Heimisches Getreide muss im Supermarkt mit ausländischen Produkten konkurrieren

Hinzu komme: Während die Produktionskosten in den letzten 20 Jahren massiv gestiegen seien – etwa durch Löhne, Pachten, Treibstoffe und Maschinen – sei der Preis für ein Kilo Weizen noch der gleiche wie zu DM-Zeiten. Für die konventionellen Bauern seien zudem immer mehr Auflagen und Verbote hinzugekommen, etwa was den Einsatz von Dünge- und Pflanzenschutzmitteln angehe.

So schön blüht der Mohn in jedem Jahr auf einem Feld der Kornkammer haus Holte in Witten.
So schön blüht der Mohn in jedem Jahr auf einem Feld der Kornkammer haus Holte in Witten. © FUNKE Foto Services | Jürgen Theobald

„Aber wenn man einen höheren Standard will, muss man auch verhindern, dass billiger produziertes Getreide aus dem Ausland zu uns kommt“, sagt Liedmann. Das eben deshalb günstiger ist, weil es die strengen Umweltauflagen z.B. in Nord- und Südamerika nicht gibt.
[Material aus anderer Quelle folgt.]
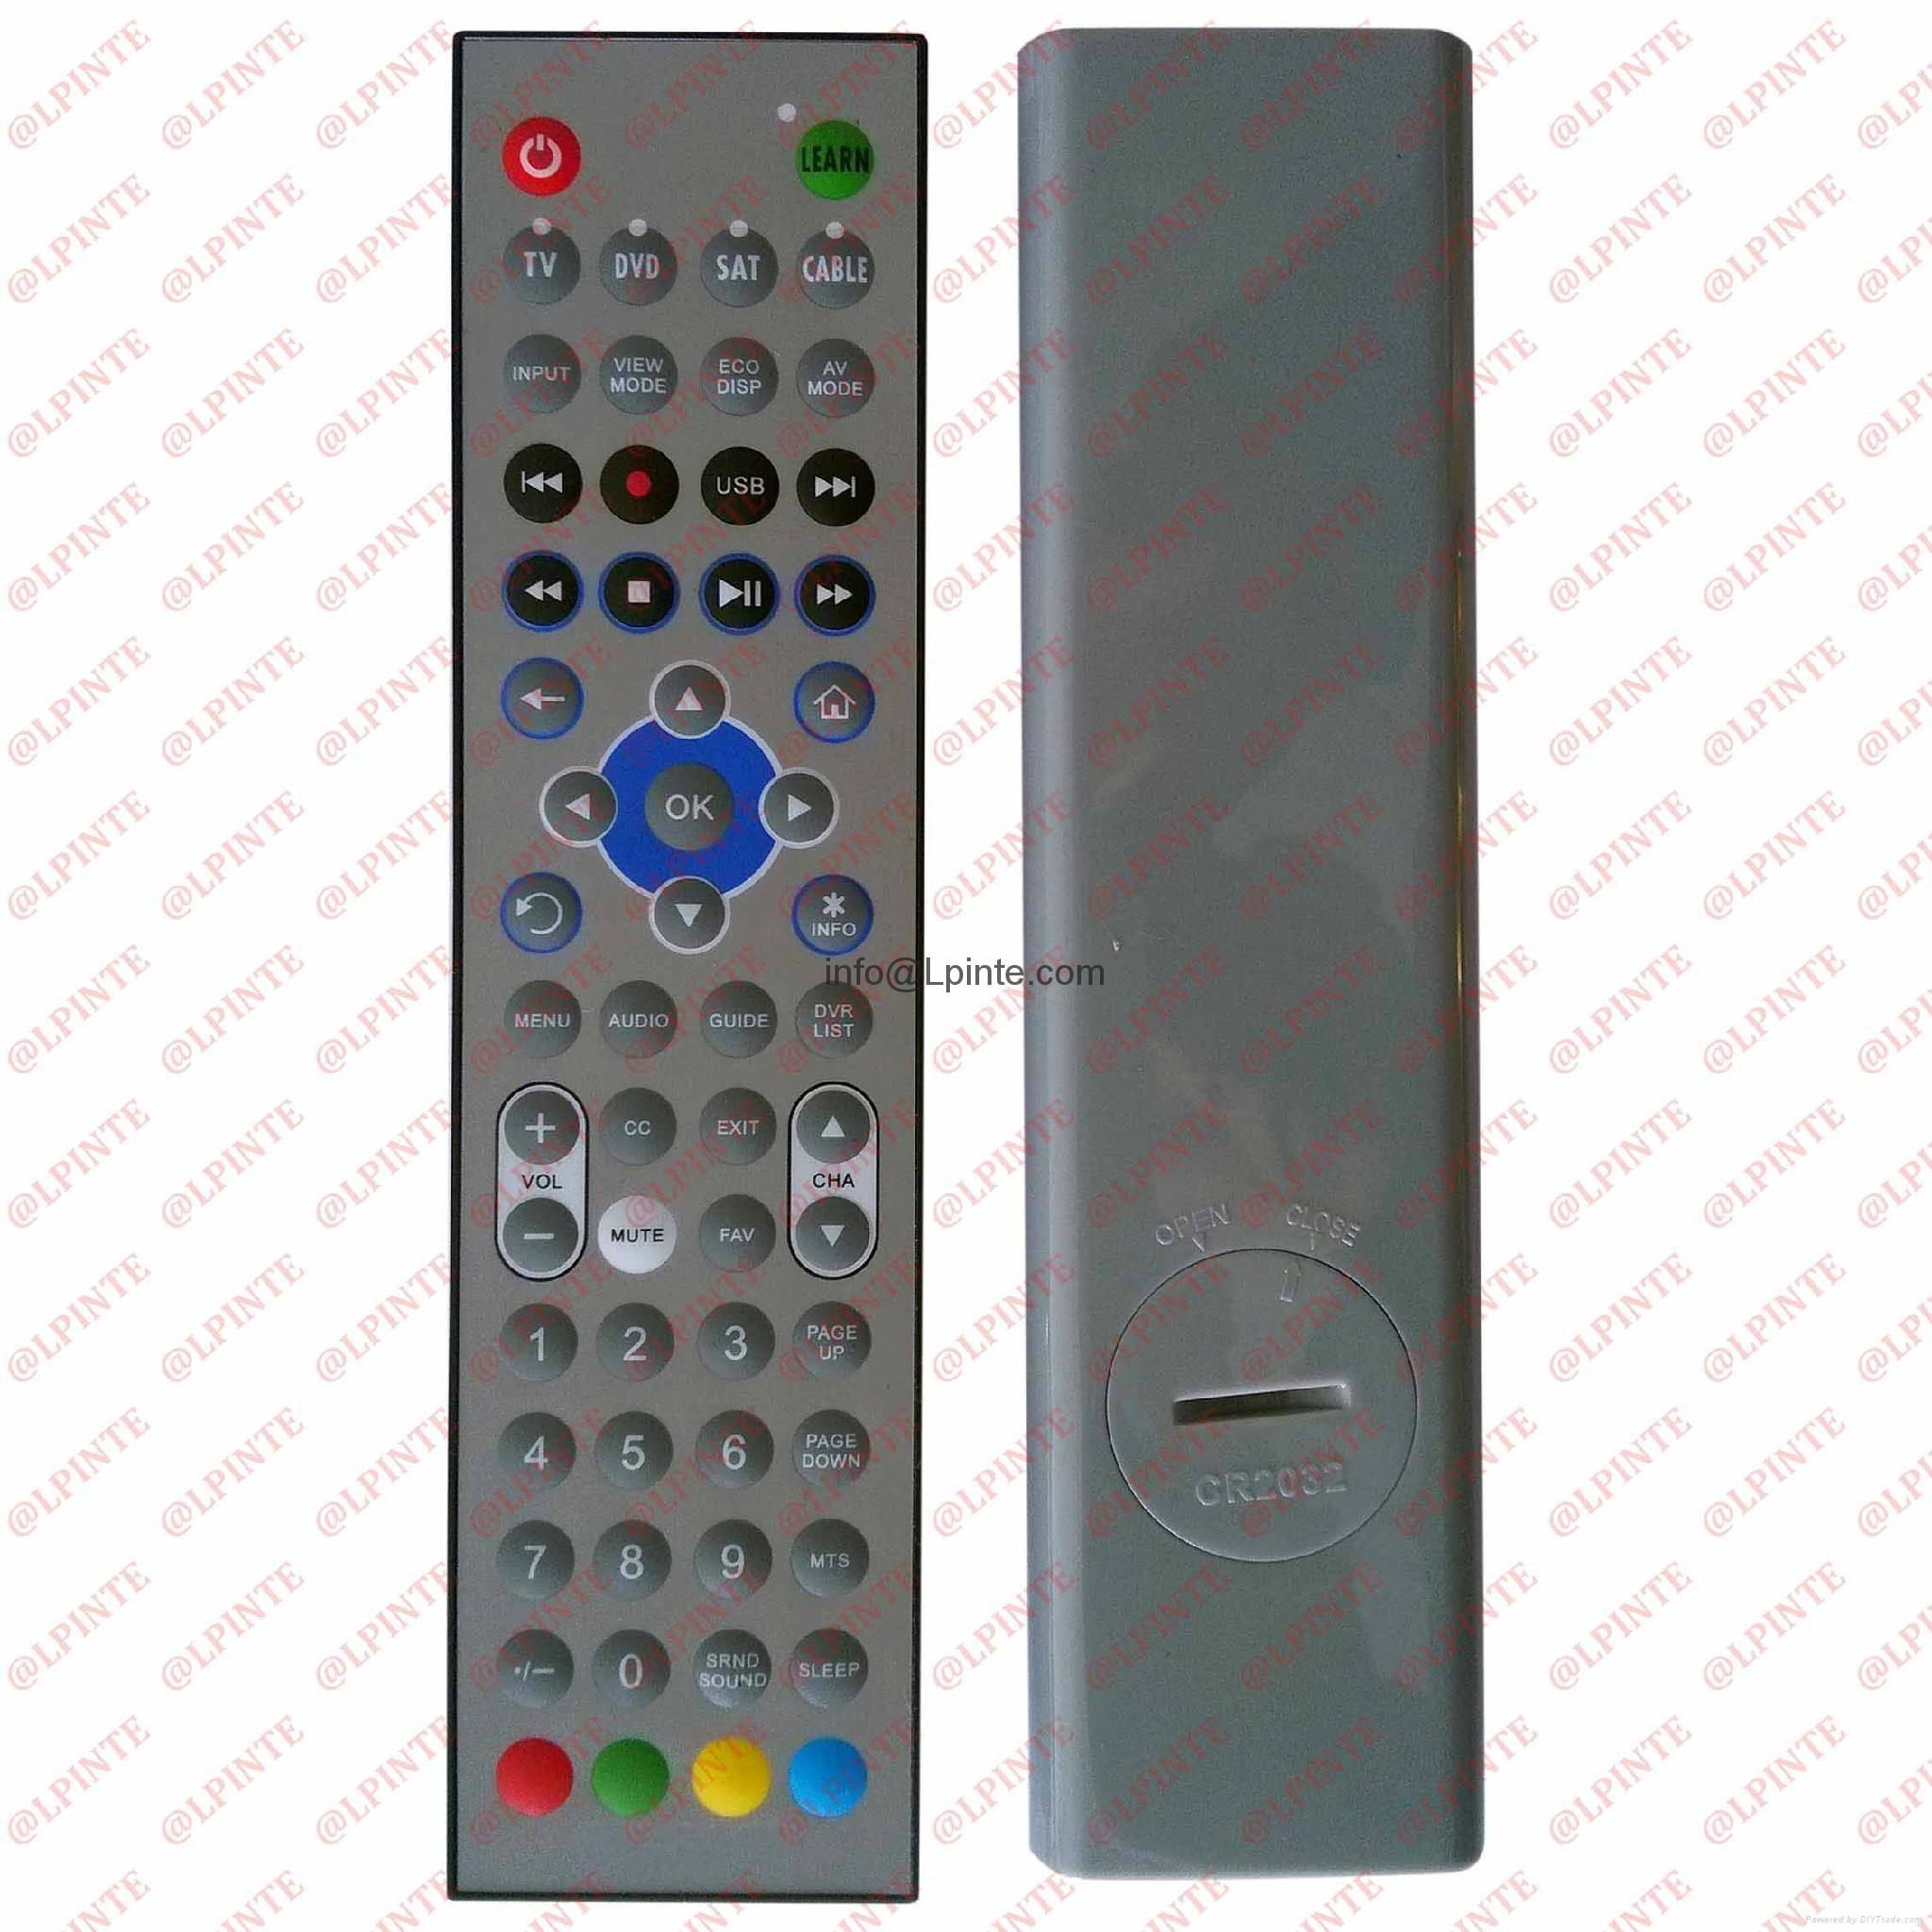 waterproof  remote control LPI-W061 bathroom tv outdoor tv  STB TV washable 1

Gleichzeitig sei der CO₂-Ausstoß von importierten Produkten viel höher, als etwa bei heimischem Obst, Gemüse und Fleisch. „Aber das wird stillschweigend akzeptiert“, ärgert sich Stefan Pawliczek. Der Verbraucher werde fast immer die günstigere Variante im Supermarkt wählen. „Deshalb muss die Politik das regeln.“

Kornkammer Haus Holte vermarktet Getreide und Kartoffeln selbst

Die Kornkammer selbst ist von diesen Entwicklungen weitgehend unberührt: Zum einen arbeitet sie ohnehin nach den strengen Bioland-Vorgaben, die deutlich über alle EU-Richtlinien hinausgehen. Zum anderen vermarktet das Team alle seine Produkte selbst, kann also seine Preise weitgehend selbst bestimmen. Auf rund 280 Hektar Land bauen Liedmann und Pawliczek etwa Dinkel, Weizen, Hafer, Roggen und Kartoffeln an, ebenso Raps und Rotklee. Was sie aber trifft, ist die Vorgabe zur Stilllegung von vier Prozent ihrer Fläche. So will es die EU-Agrarreform von 2023. Die Maßnahme soll die Bio-Diversität fördern. „Dabei machen wir das doch schon, zum Beispiel durch unsere Mohnfelder“, so Liedmann.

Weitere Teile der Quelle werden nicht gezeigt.